Within a term, such as business~analyst, the character isn't evaluated as an operator. In this case, assuming the query is a term or phrase query, full text search with lexical analysis strips out the ~ and breaks the term business~analyst in two: business OR analyst.

The example above is the tilde (~), but the same principle applies to every operator.

Escaping special characters

In order to use any of the search operators as part of the search text, escape the character by prefixing it with a single backslash (\). For example, for a wildcard search on https://, where :// is part of the query string, you would specify search=https\:\/\/*. Similarly, an escaped phone number pattern might look like this \+1 $800$ 642\-7676.

Special characters that require escaping include the following:
+ - & | ! ( ) { } [ ] ^ " ~ * ? : \ /

Note

Although escaping keeps tokens together, lexical analysis during indexing may strip them out. For example, the standard Lucene analyzer will break words on hyphens, whitespace, and other characters. If you require special characters in the query string, you might need an analyzer that preserves them in the index. Some choices include Microsoft natural language analyzers, which preserves hyphenated words, or a custom analyzer for more complex patterns. For more information, see Partial terms, patterns, and special characters.

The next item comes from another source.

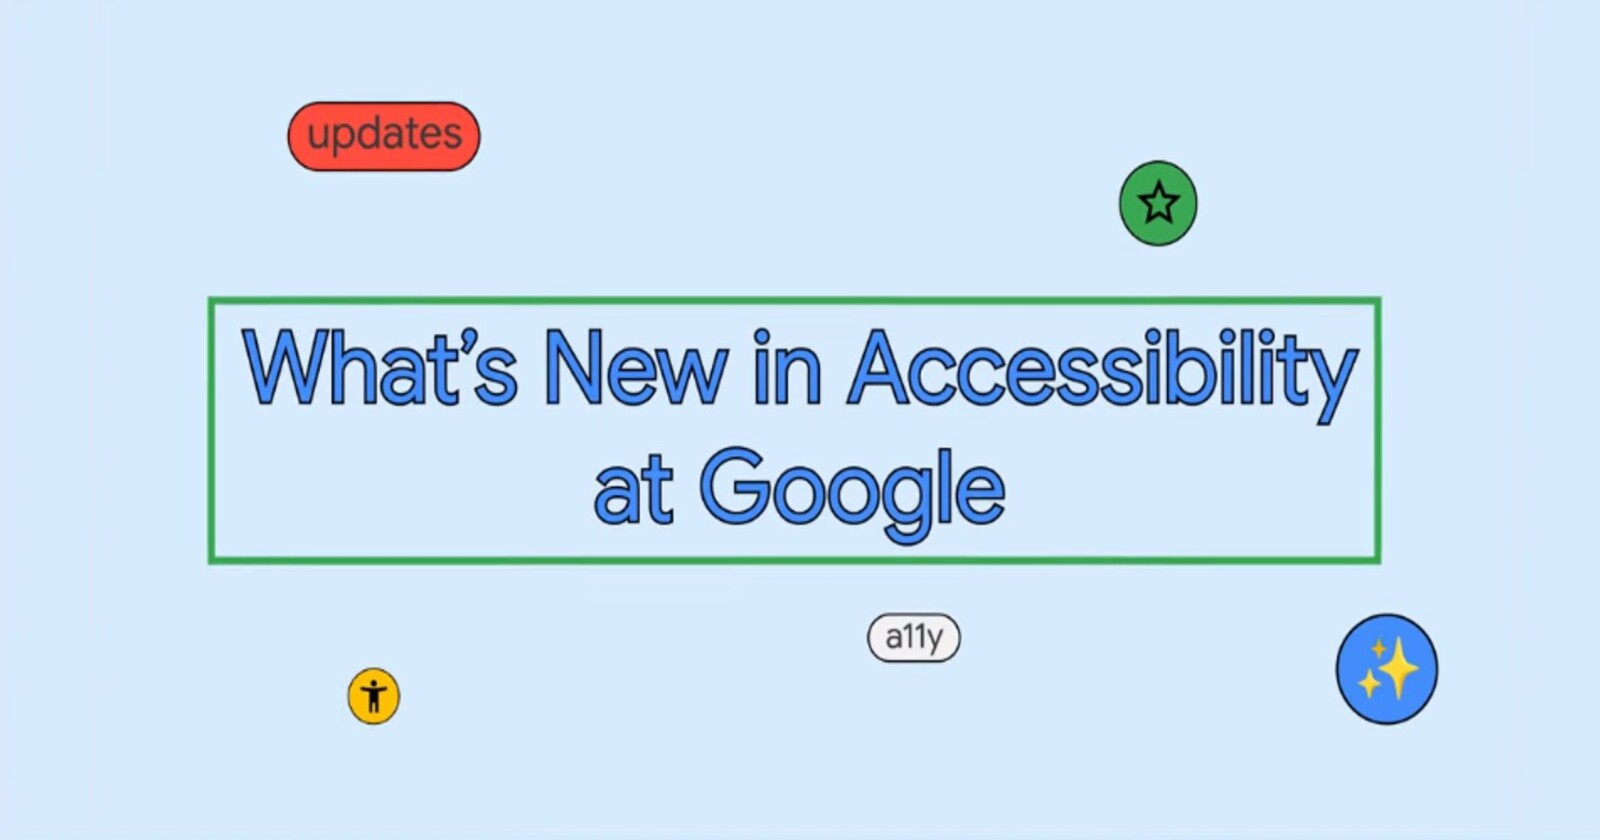 Google's latest 'What’s New in Google Accessibility' video shows off accessibility features on Pixel phones and more

Encoding unsafe and reserved characters in URLs

Ensure all unsafe and reserved characters are encoded in a URL. For example, # is an unsafe character because it's a fragment/anchor identifier in a URL. The character must be encoded to %23 if used in a URL. & and = are examples of reserved characters as they delimit parameters and specify values in Azure AI Search. See RFC1738: Uniform Resource Locators (URL) for more details.

Unsafe characters are " ` < > # % { } | \ ^ ~ [ ]. Reserved characters are ; / ? : @ = + &.

Boolean operators

You can embed Boolean operators in a query string to improve the precision of a match. The full syntax supports text operators in addition to character operators. Always specify text boolean operators (AND, OR, NOT) in all caps.

Text operator	Character	Example	Usage
AND	`+`	`wifi AND luxury`	Specifies terms that a match must contain. In the example, the query engine looks for documents containing both `wifi` and `luxury`. The plus character (`+`) can also be used directly in front of a term to make it required. For example, `+wifi +luxury` stipulates that both terms must appear somewhere in the field of a single document.
OR	(none) ¹	`wifi OR luxury`	Finds a match when either term is found. In the example, the query engine returns match on documents containing either `wifi` or `luxury` or both. Because OR is the default conjunction operator, you could also leave it out, such that `wifi luxury` is the equivalent of `wifi OR luxury`.
NOT	`!`, `-`	`wifi –luxury`	Returns a match on documents that exclude the term. For example, `wifi –luxury` searches for documents that have the `wifi` term but not `luxury`.

¹ The | character isn't supported for OR operations.

NOT Boolean operator

Important

The NOT operator (NOT, !, or -) behaves differently in full syntax than it does in simple syntax.

In simple syntax, queries with negation always have a wildcard automatically added. For example, the query -luxury is automatically expanded to -luxury *.
In full syntax, queries with negation cannot be combined with a wildcard. For example, the queries -luxury * is not allowed.
In full syntax, queries with a single negation are not allowed. For example, the query -luxury is not allowed.
In full syntax, negations will behave as if they are always ANDed onto the query regardless of the search mode.
- For example, the full syntax query wifi -luxury in full syntax only fetches documents that contain the term wifi, and then applies the negation -luxury to those documents.
If you want to use negations to search over all documents in the index, simple syntax with the any search mode is recommended.
If you want to use negations to search over a subset of documents in the index, full syntax or the simple syntax with the all search mode are recommended.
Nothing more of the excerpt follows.